Conversational Flows in Agentic AI: Lessons from Running This at Scale

Originally published on www.linkedin.com

This post was originally published on LinkedIn: Conversational Flows in Agentic AI: Lessons from Running This at Scale.

CrewAI recently announced the experimental feature Conversational Flows as a way to balance determinism with AI-driven reasoning in agentic systems (announcement). It’s a design problem worth taking seriously, and I want to share what we’ve learned building and running exactly this kind of system in production with enterprise customers across banking, telco, and other regulated industries.

The actual problem

A conversational AI agent needs to handle open-ended input: a customer message that could mean a dozen different things, requiring context from multiple systems, potentially triggering compliance-sensitive actions. You can’t pre-enumerate every branch. But you also can’t hand full autonomy to an LLM for a process that touches things like a loan approval or an insurance issuing.

The instinct to introduce flow control into agent architectures is right. The question is what that structure should look like for a production-grade agent — thinking of agents running millions of cases in regulated environments.

How BPMN fits into this

BPMN (Business Process Model and Notation) is an ISO-standard for process models — executable, auditable, readable by both engineers and business stakeholders. If you associate it with heavyweight enterprise BPM suites from the 2000s, that’s a fair reaction to the tooling of that era, not to the notation itself. The tooling has caught up.

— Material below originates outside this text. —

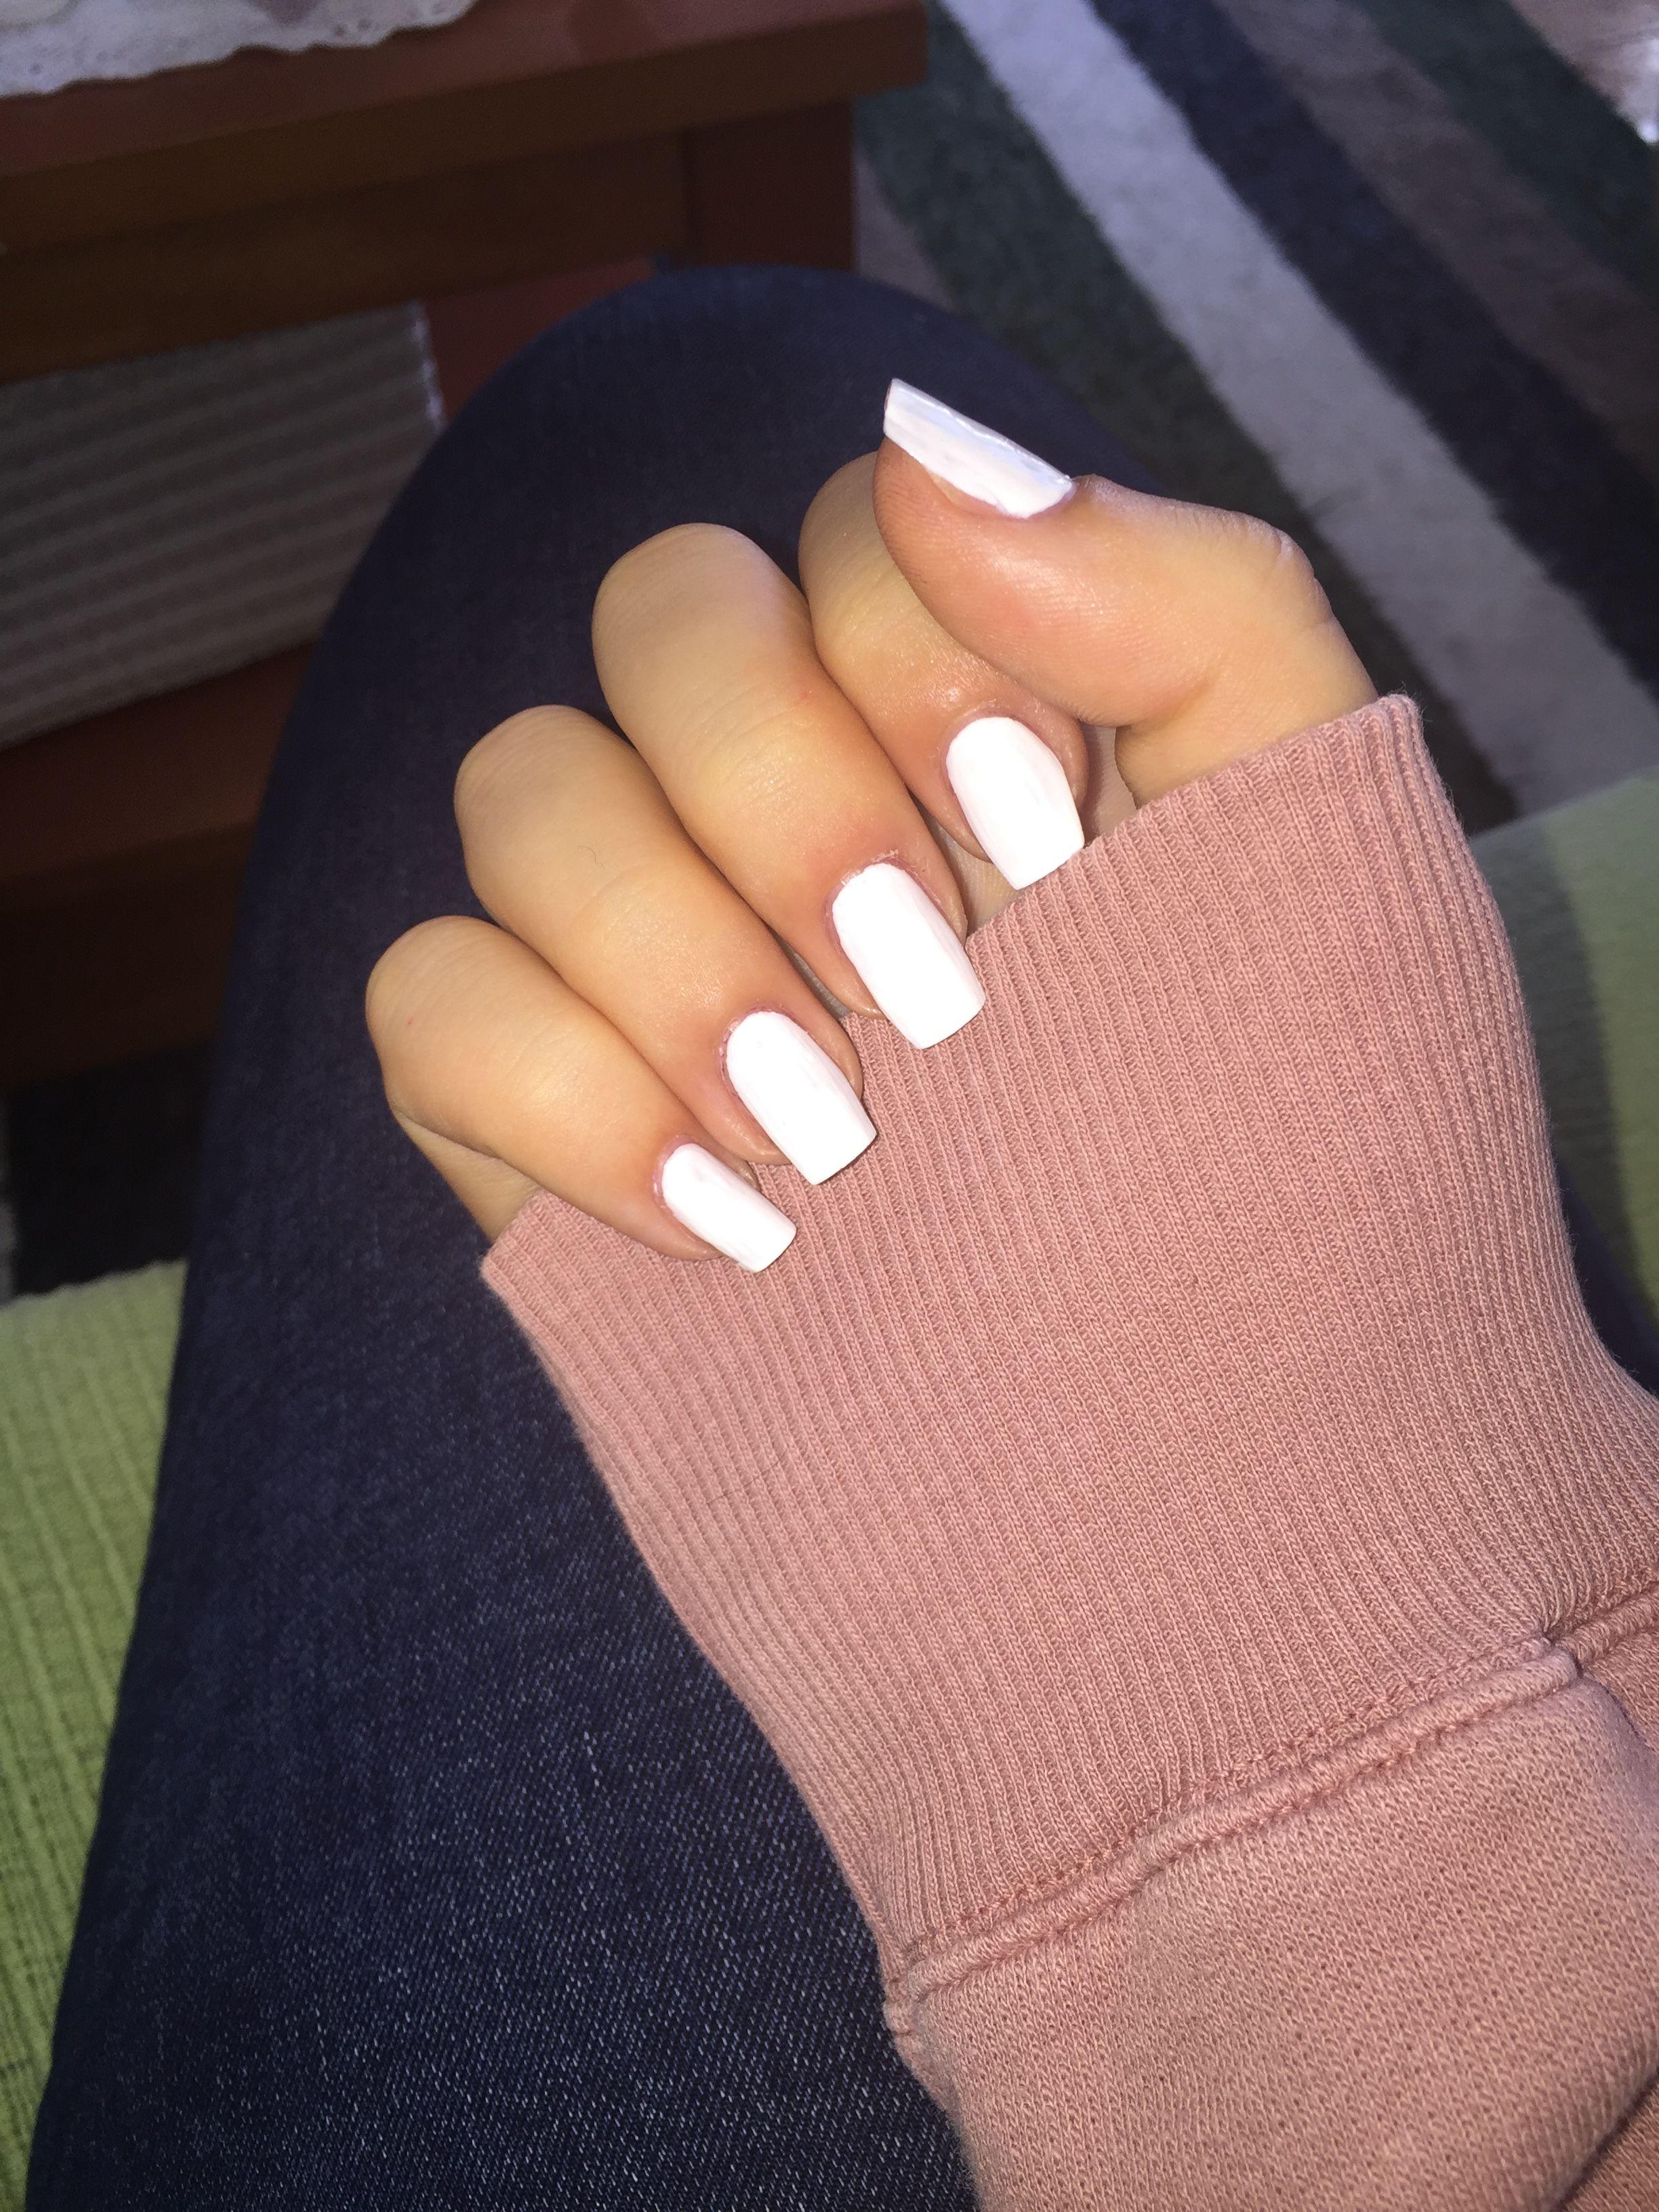 Pin By Marah On Unas White Acrylic Nails Long White Nails Short Acrylic Nails

Camunda has been running BPMN-based process execution since 2013. That history matters here: we didn’t build a new agent runtime and retrofit process concepts onto it. The agent layer sits on top of infrastructure that has been handling millions of concurrent instances in the world’s most critical core business processes — including durable state and failure recovery in production for over a decade.

Agentic orchestration: adding conversational agents to BPMN

The way we model conversational agents in Camunda is through a BPMN construct called the ad-hoc subprocess. This is the boundary between deterministic process logic and AI reasoning.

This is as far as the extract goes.